Effect of myeloid mPges-1 deletion on post-MI fibrosis and hypertrophy. (A) Representative images of Masson trichrome staining and the quantitative analysis. (B) Representative images of Picrosirius red staining and the quantitative analysis. (C) Real-time polymerase chain reaction (PCR) analysis of the expression of fibrosis-related genes in the hearts from mice 28 day post-MI. (D) Real-time PCR analysis of the expression of hypertrophy-related genes in the hearts from mice 28 day post-MI. n = 6–8 for immunostaining; n = 4 to 5 for real-time PCR. *P < 0.05; **P < 0.01; ***P < 0.001, noninfarcted vs. infarcted heart. ANP, atria natriuretic peptide; BNP, brain natriuretic peptide; MHC, major histocompatibility complex; TGF, transforming growth factor.

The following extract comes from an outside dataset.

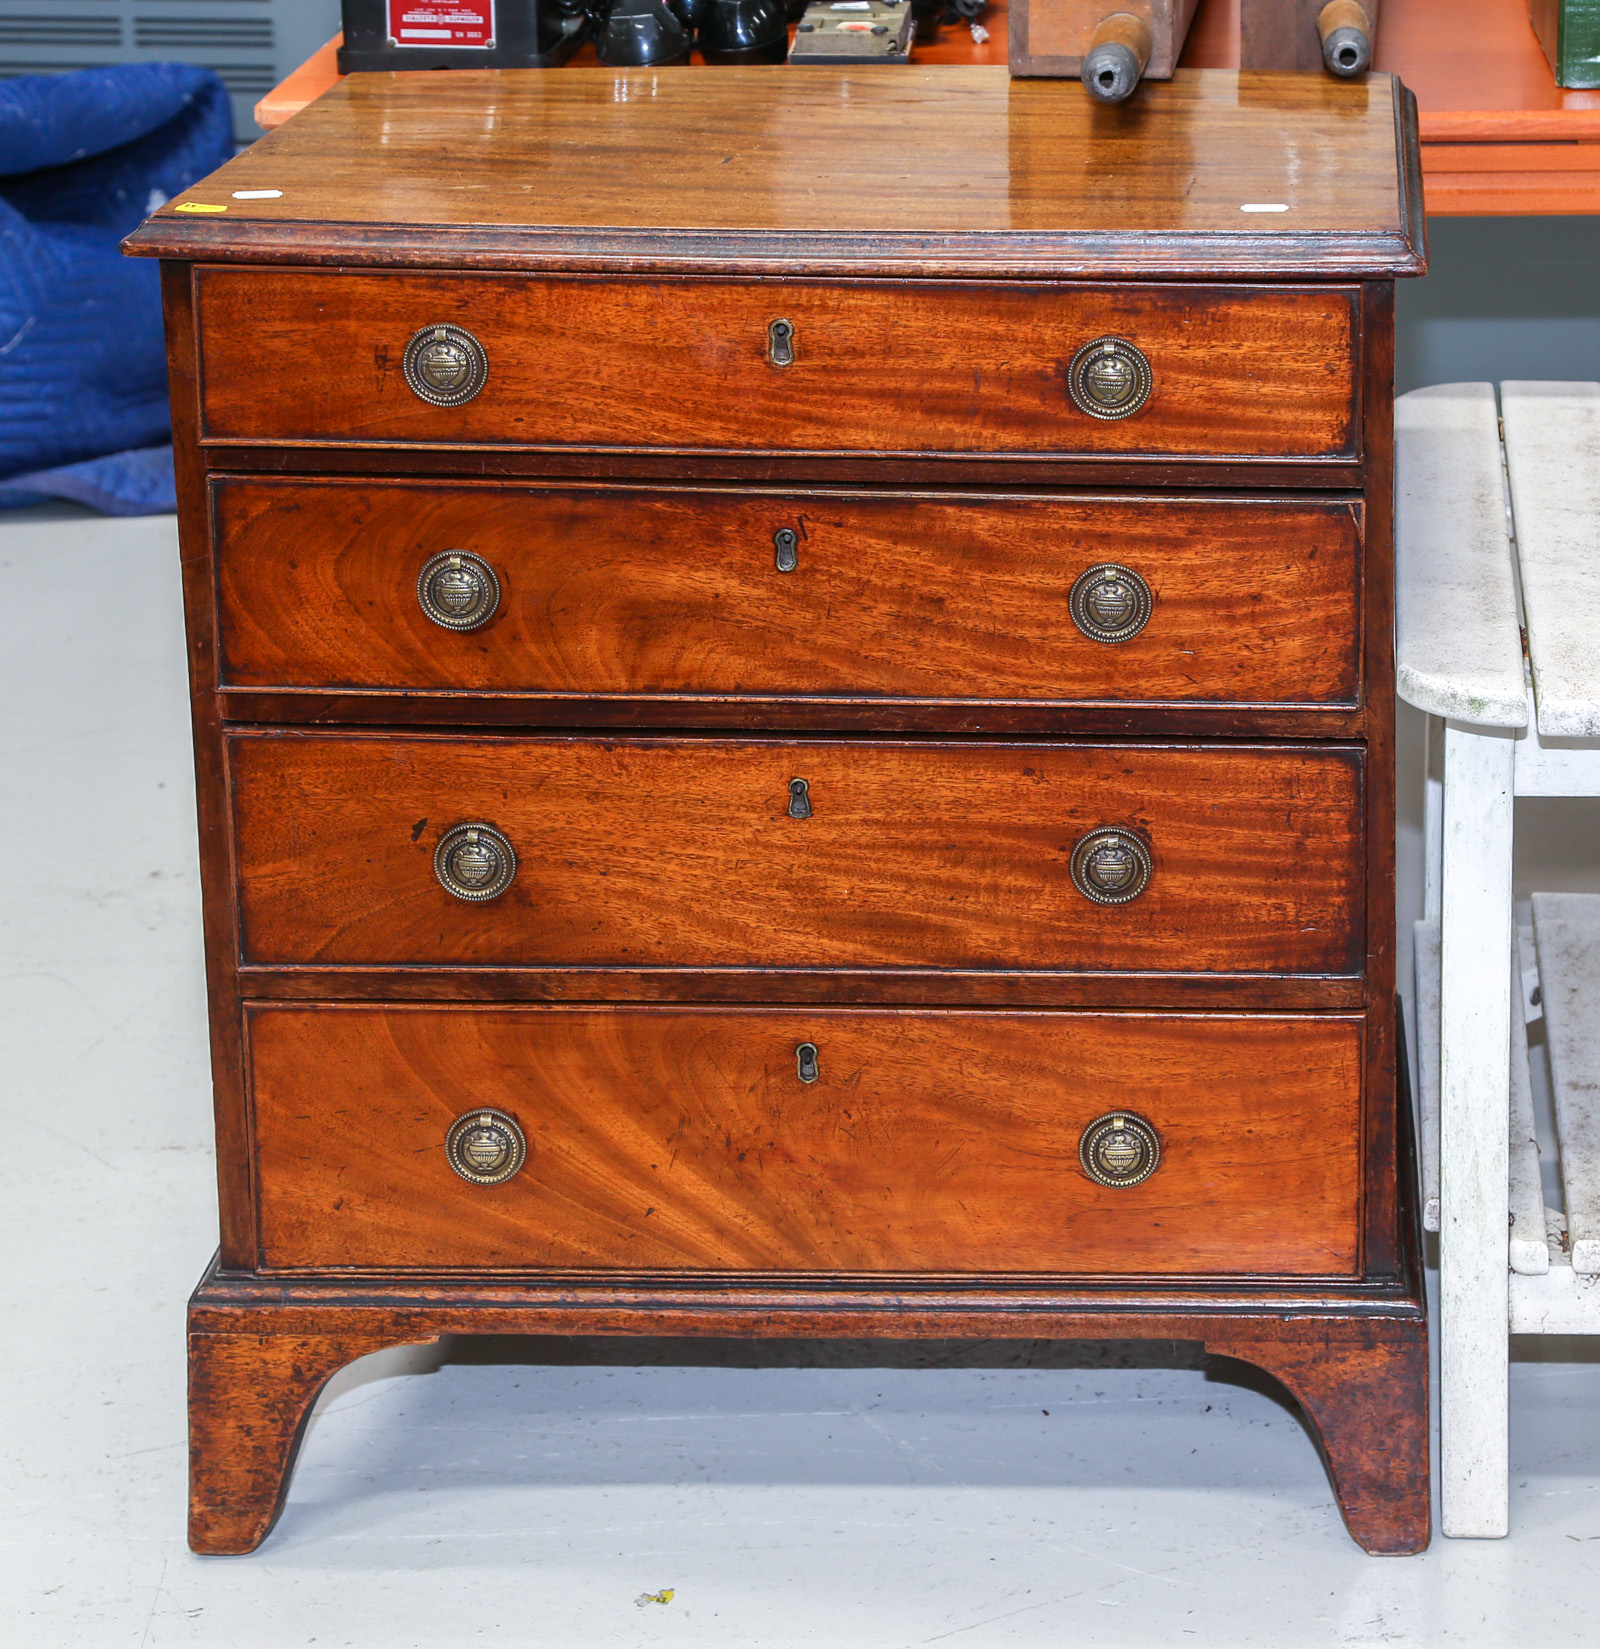 ANTIQUE MAHOGANY CHEST OF DRAWERS Possibly

Inflammation and Apoptosis Were Not Affected by Myeloid mPges-1 Deletion.

Inflammation and myocyte apoptosis soon after experimental MI may cause fibrosis and lead to progressive impairment of cardiac function. To determine whether mPges-1 deletion in myeloid cells might influence these processes, Mac-mPges-1-WT and -KO mice were subjected to acute coronary artery ligation, and heart function was assessed 3 days after. Similar to 7 or 28 days postinfarction, left ventricular function showed no significant difference between the two groups 3 days after the occlusion (Fig. 3). Gene expression relevant to both inflammation and apoptosis was also uninfluenced by genotype (Fig. 4).

Fig. 3.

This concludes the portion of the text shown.